This cookies and cream cake turns a favourite chocolate cookie into an excellent decadent layer cake! It has wealthy chocolate cake layers frosted with fluffy do-it-yourself buttercream and stuffed with Oreo frosting inside. You solely want two spherical pans!

I really like trying to my favourite treats and desserts for layer cake inspiration. Do this Neapolitan cake and this triple-decker cannoli cake, subsequent!

A decorated four-layer cookies and cream cake with a large slice cut out, revealing the cake layers filled with Oreo frosting.

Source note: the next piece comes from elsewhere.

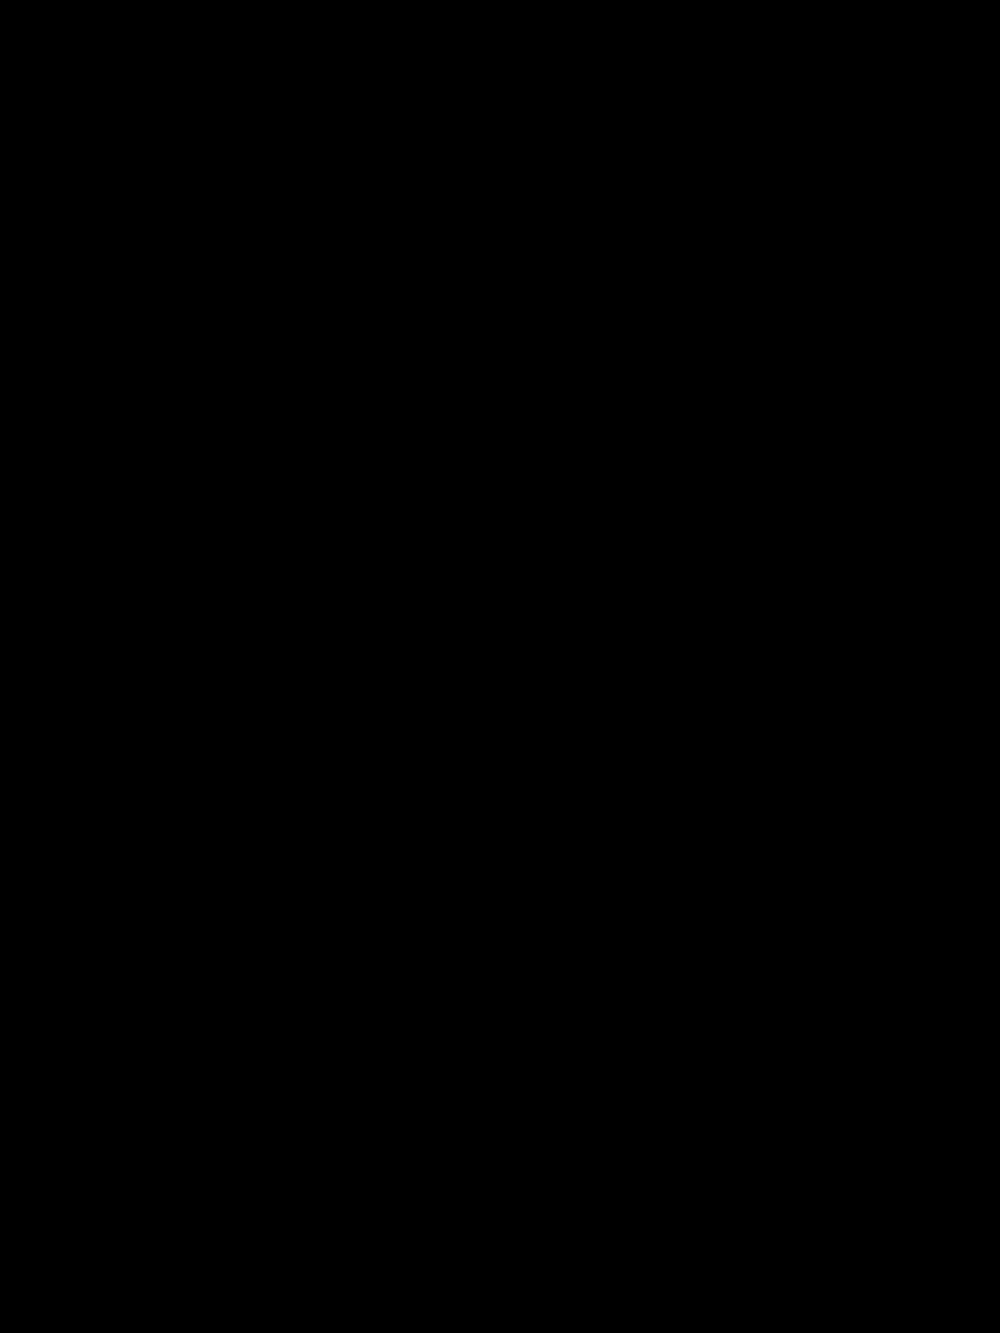 0000_black.jpg

Why You’ll Love This Cookies and Cream Cake

I turned my son’s love for Oreo cookies right into a decadent quadruple-layer cookies and cream cake! You solely want just a few simple substances and two spherical pans to make it. Right here’s why you’ll adore it:

  • Layers of Oreo goodness. This cake combines extra-fudgy chocolate cake layers with the fluffiest chocolate cookie-filled frosting, completed off with a beneficiant coating of vanilla buttercream. I couldn’t resist adorning it with additional Oreos, too.
  • Straightforward to make. Don’t let the thought of a 4-layer cake intimidate you. You may make this cake with two spherical cake pans. I’ll present you tips on how to halve and stack the muffins, and it’s nice follow in case you’re simply entering into making layer muffins.
  • Versatile. In fact, in case you’re not up for the duty of creating a layer cake, don’t let that cease you both! Make chocolate cupcakes smothered with cookies and cream frosting as an alternative.
Cookies and cream cake ingredients with text labels overlaying each ingredient.

Substances You’ll Want

This cookies and cream cake just isn’t for the faint of coronary heart: it’s a wealthy and chocolatey, Oreo lover’s dream! And it’ll 100% fulfill any longing for chocolate or cookies. And the perfect half is, you don’t want something fancy to make it. 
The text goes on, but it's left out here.